Smell, taste, and trigeminal receptors (also called chemesthesis) together contribute to flavor. The human tongue can distinguish only among five distinct qualities of taste, while the nose can distinguish among hundreds of substances, even in minute quantities. It is during exhalation that the smell's contribution to flavor occurs, in contrast to that of proper smell, which occurs during the inhalation phase of breathing. The olfactory system is the only human sense that bypasses the thalamus and connects directly to the forebrain.

=== Hearing ===
Smell and sound information has been shown to converge in the olfactory tubercles of rodents. This neural convergence is proposed to give rise to a perception termed smound. Whereas a flavor results from interactions between smell and taste, a smound may result from interactions between smell and sound.

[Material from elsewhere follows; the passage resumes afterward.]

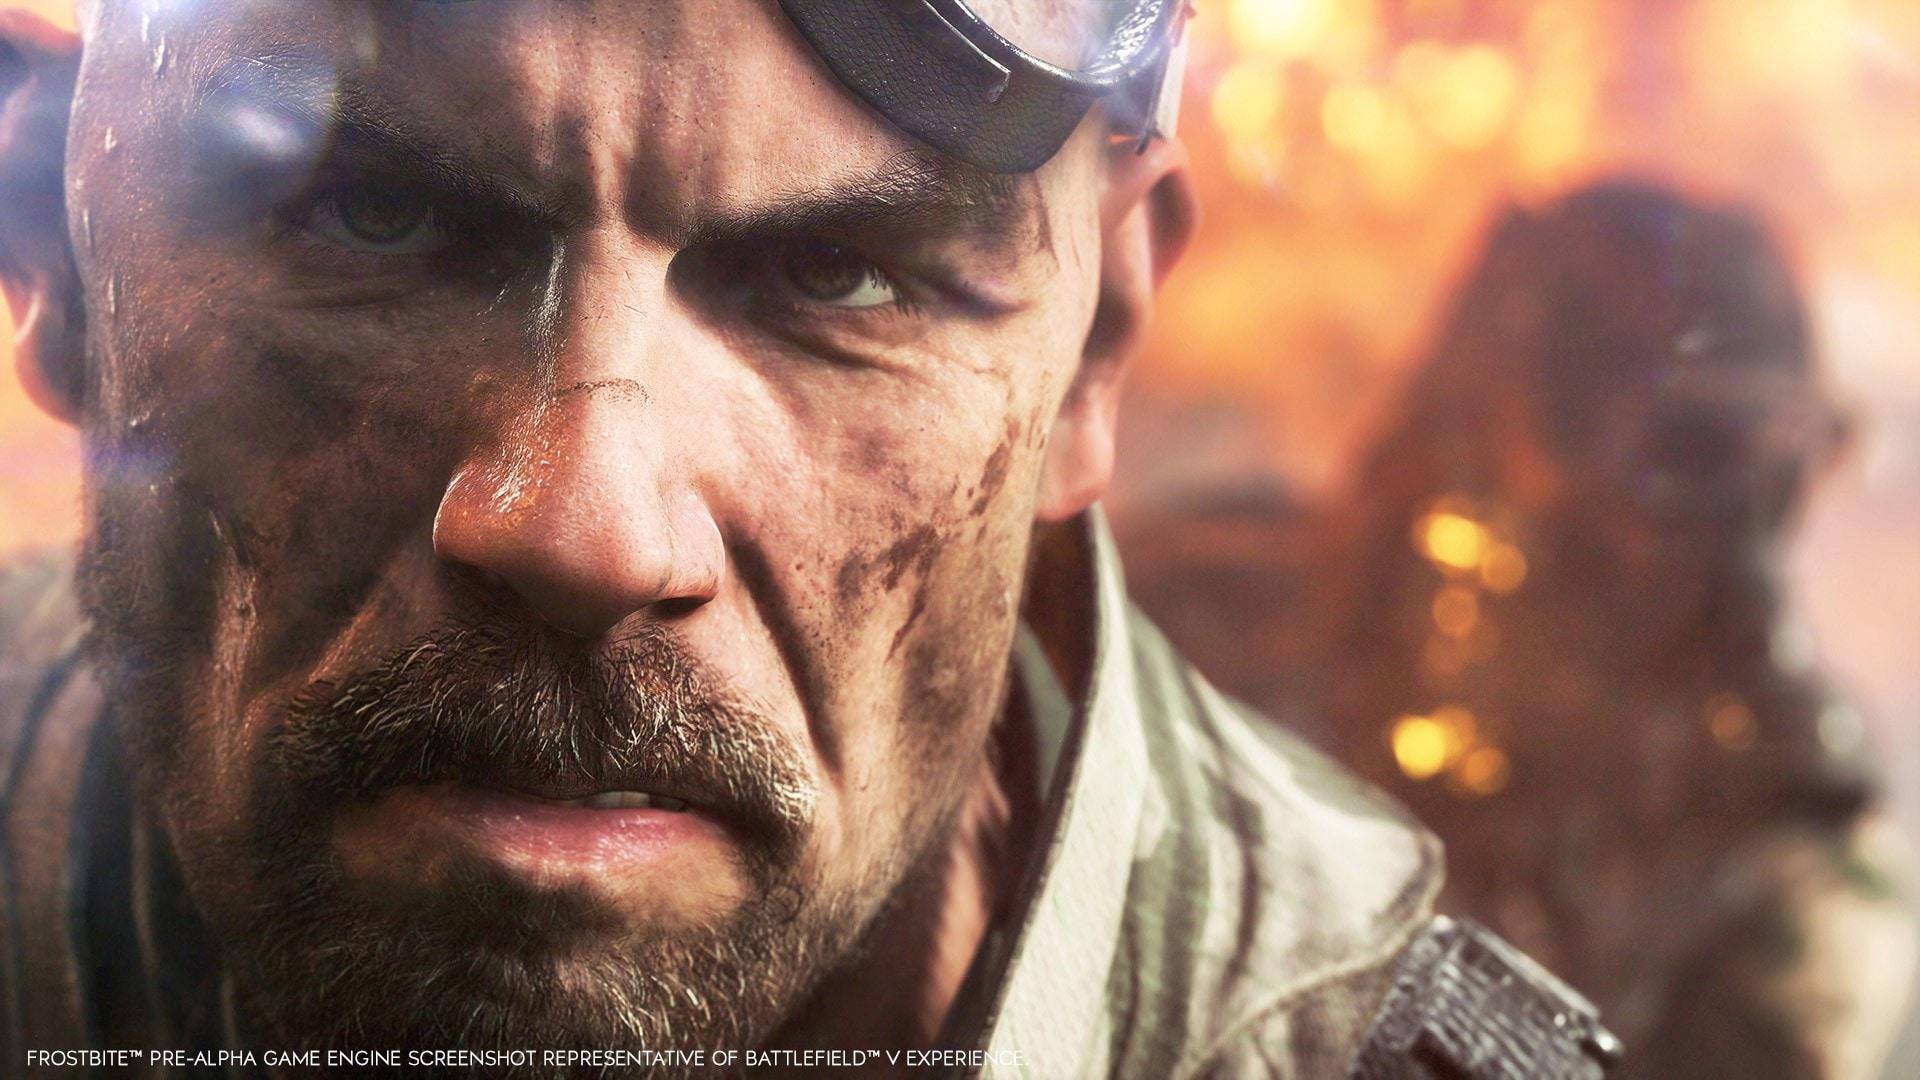 Battlefield V | Definitive Edition (PC) - Origin Key - GLOBAL (English Only) - 4

=== Inbreeding avoidance ===
The MHC genes (known as HLA in humans) are a group of genes present in many animals and important for the immune system; in general, offspring from parents with differing MHC genes have a stronger immune system. Fish, mice, and female humans are able to smell some aspect of the MHC genes of potential sex partners and prefer partners with MHC genes different from their own. However, some research suggests that taking hormonal contraception can alter women's preference for partners with dissimilar MHC genes, thus resulting in a greater likelihood to choose partners with relatively similar MHC genes to their own. Sexual orientation can also influence preference for different body odors, and some studies suggest that preference may be influenced by the putative pheromones AND and EST.

Humans can detect blood relatives from olfaction. Mothers can identify by body odor their biological children but not their stepchildren. Pre-adolescent children can olfactorily detect their full siblings but not half-siblings or step siblings, and this might explain incest avoidance and the Westermarck effect. Functional imaging shows that this olfactory kinship detection process involves the frontal-temporal junction, the insula, and the dorsomedial prefrontal cortex, but not the primary or secondary olfactory cortices, or the related piriform cortex or orbitofrontal cortex.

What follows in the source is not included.